New is not always better

Nieuws | de redactie
20 februari 2014 | Why should medicine be evidence based and medical devices not? Professor Maroeska Rovers helps companies to assess what’s efficient and what’s not. “We might even reduce health care costs.”

Recent European legislation demands that new medical devices can only be brought on the market when they are as least as efficient as existing technologies. Maroeska Rovers, professor in evidence based surgery at the Radboud university medical center has no less than three new operating theaters available to test the efficiency of new medical devices.

“Last year the European Parliament voted in favour of the revision of the medical device directives”, professor Rovers explains. “That means that in the near future companies not only have to prove whether their new technologies are safe, but they also have to demonstrate their efficiency.”

Sub-standard metal hips

Recently it could happen that a new model of metal hip was brought to the market, while a similar device was deemed unfit some years ago. Because assessment had not been necessary, these sub-standard hips were commonly used.

Another case in point is the Da Vinci robot, widely used for prostatectomy operations. Rovers: “The robot itself costs $ 1 to $ 2 million, the maintenance costs $ 150.000 yearly. However reviews do not show that the robot is better – or worse for that matter – than normal surgical procedures. The costs however vary a lot.”

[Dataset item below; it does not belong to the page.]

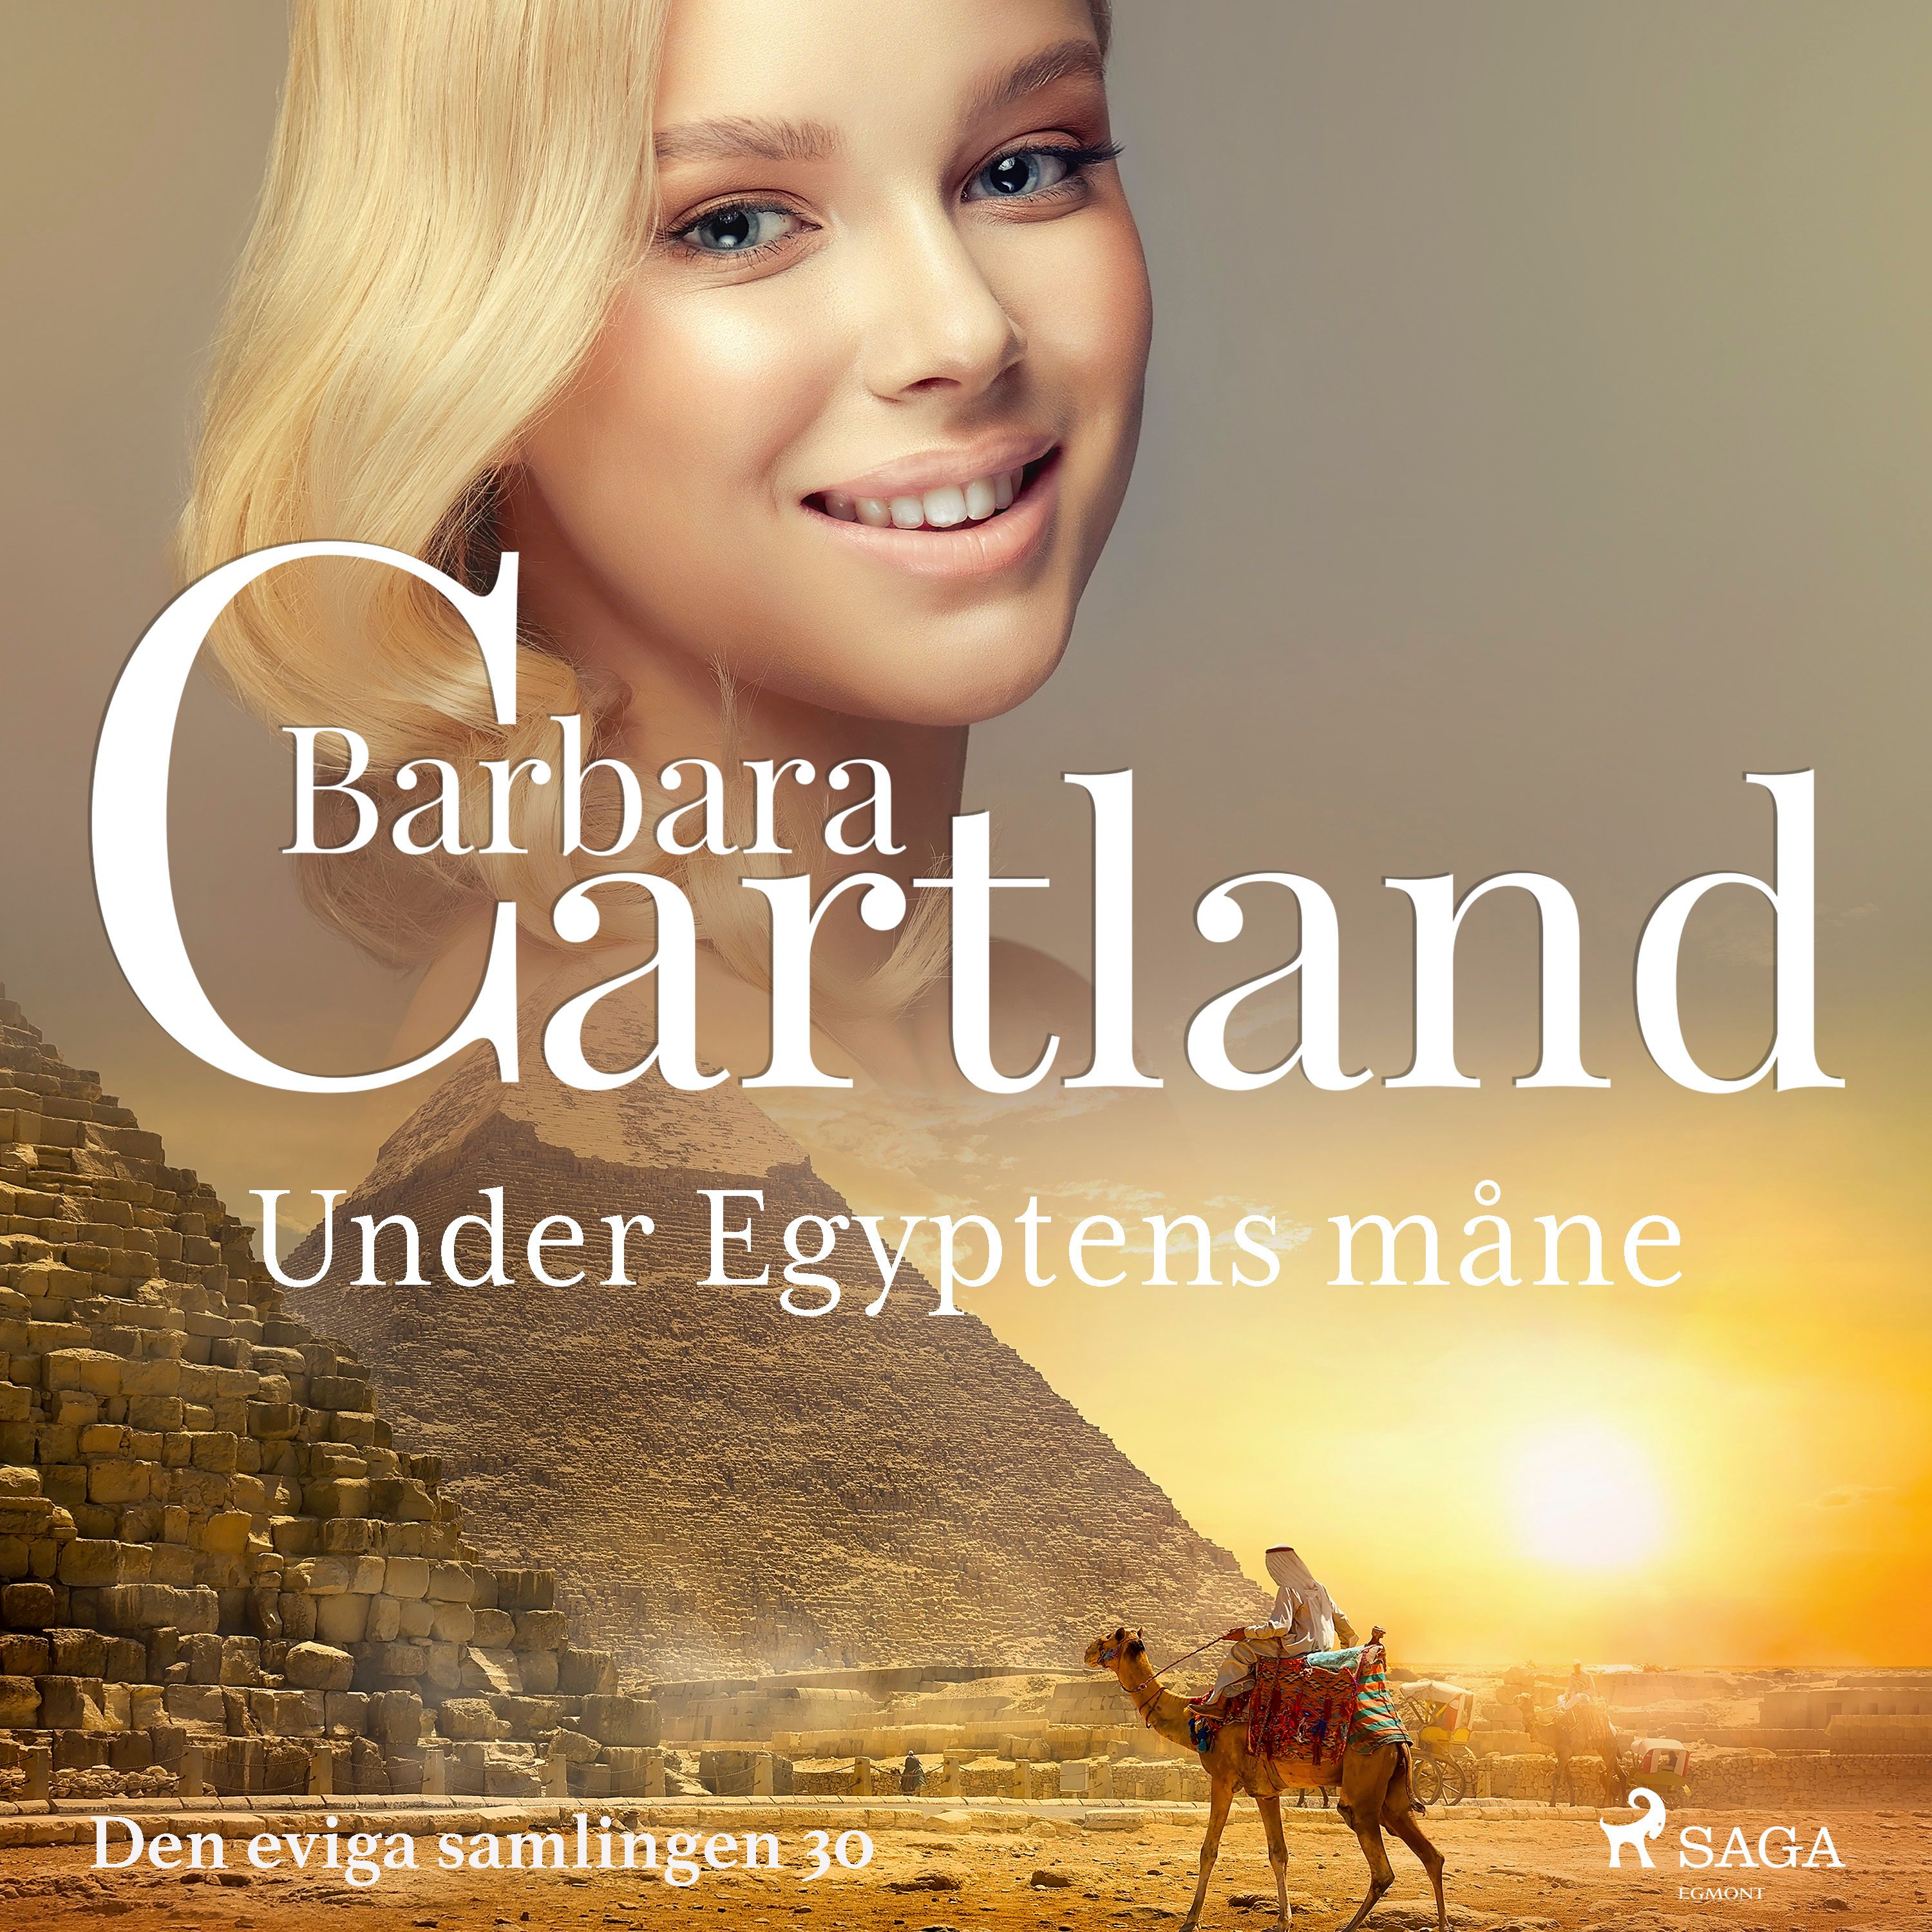 Under Egyptens måne, ljudbok av Barbara Cartland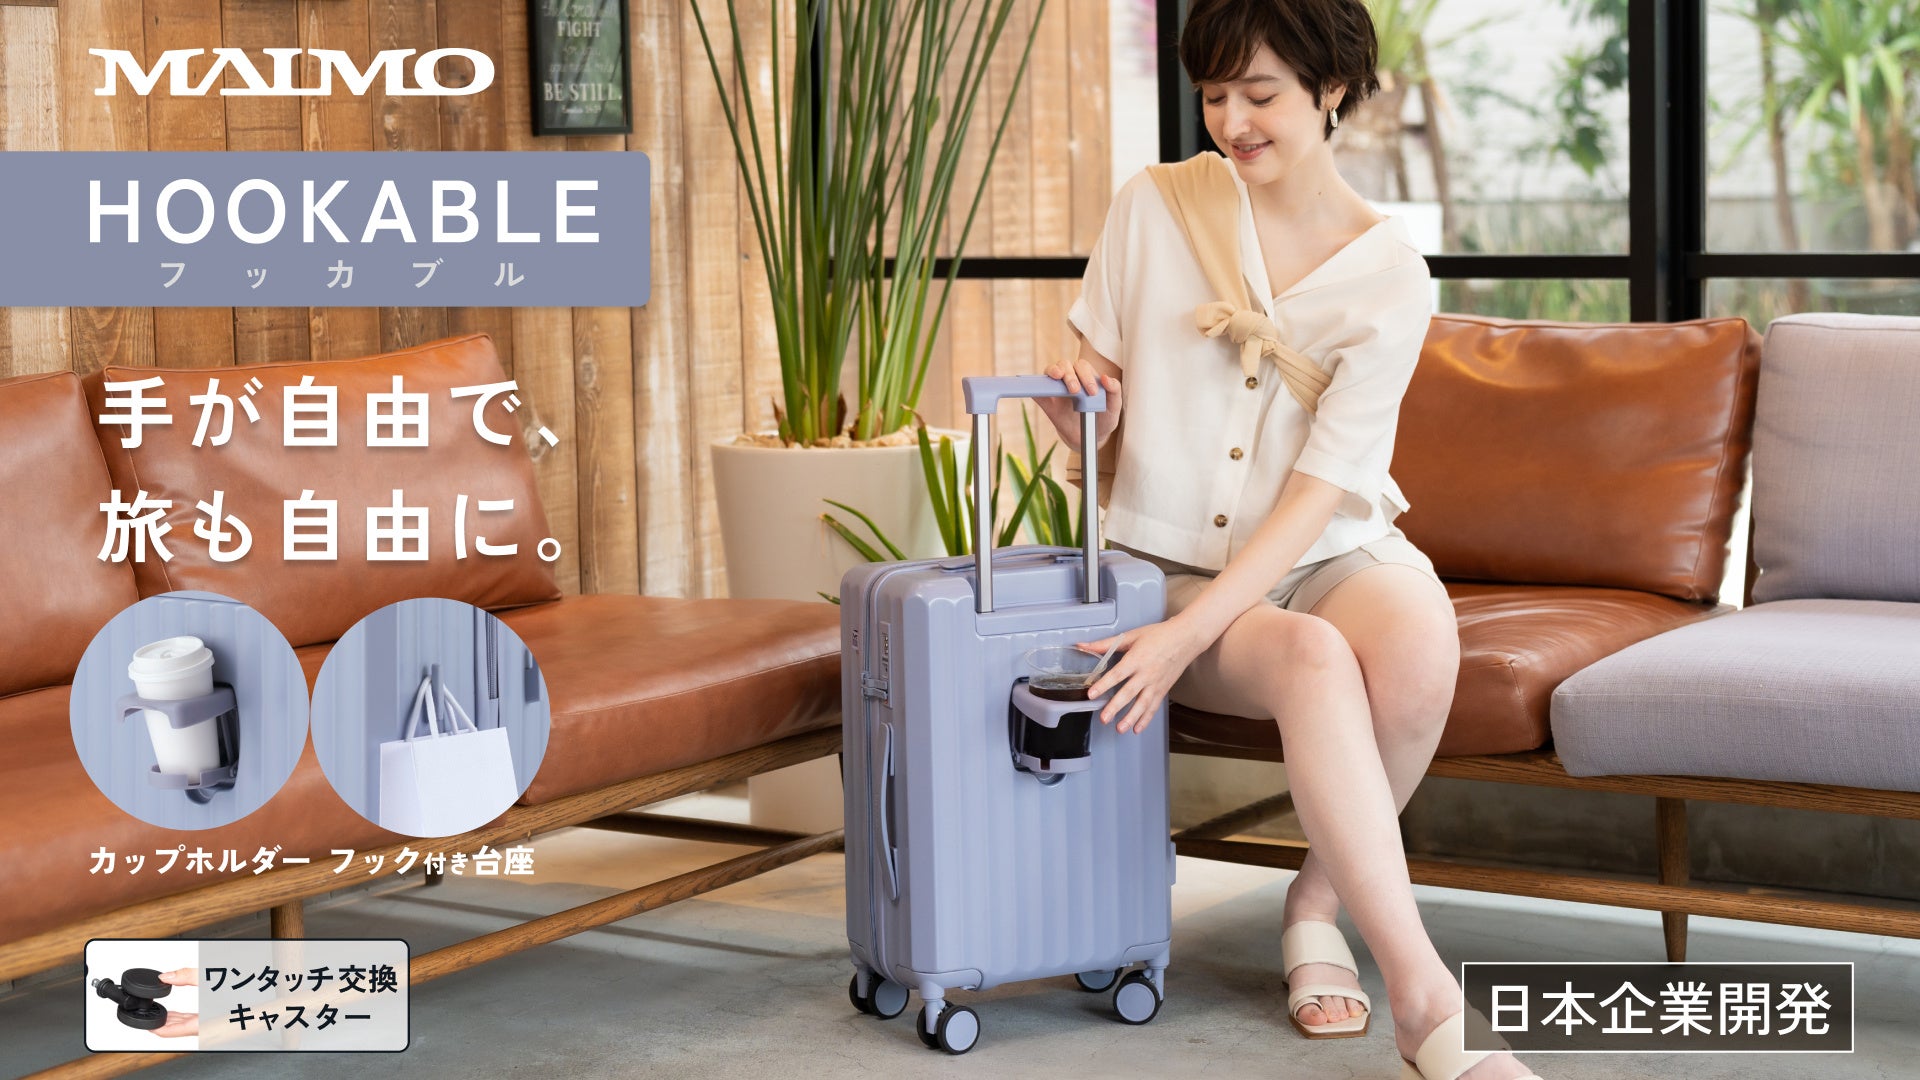 【MAIMO】移動時に両手が塞がってしまう課題を解決！便利な機能が満載のスーツケース「HOOKABLE」が誕生。

Not happy with legislation

“Many companies are not very pleased with this new piece of European legislation”, Rovers says. “They look at the pharmaceutical assessments with EMA and FDA and fear that this legislation kills off all innovation. I think that this fear is reasonable. On the other hand there is much to improve in terms of health care costs.”

“At the moment 25% of our gross domestic income goes to health care and our projection is that in ten years’ time this will be 40%. If we only allow evidence based technology on the market, we might just stabilize or even reduce the costs.”

Testing in the operating room

That the world of medical devices needs to change, proofs a study of Cochrane collaboration. A group of researchers investigated 743 randomized studies with in total 300.000 patients that received a new form of therapy. Only half of all these new treatments turned out better than existing treatments. About 30% of the new therapies was substantially better.

Various companies  have already shown interest in working together with professor Rovers. Rovers hopes to soon start testing new devices in the special operating theaters. “At our medical center, the operating room is a hotbed for innovation and creativity. Without exaggeration I can see that we will create an unique fieldlab to test efficiency right in the operating room itself.”

The latest news from the Radboud university medical center is that a spin-off company will be started, specifically for the systematic evaluation of health technology devices. Rovers: “That spin-off, MITeC BV, will perform the whole cycle of health technology assessments for companies that want to introduce new devices.”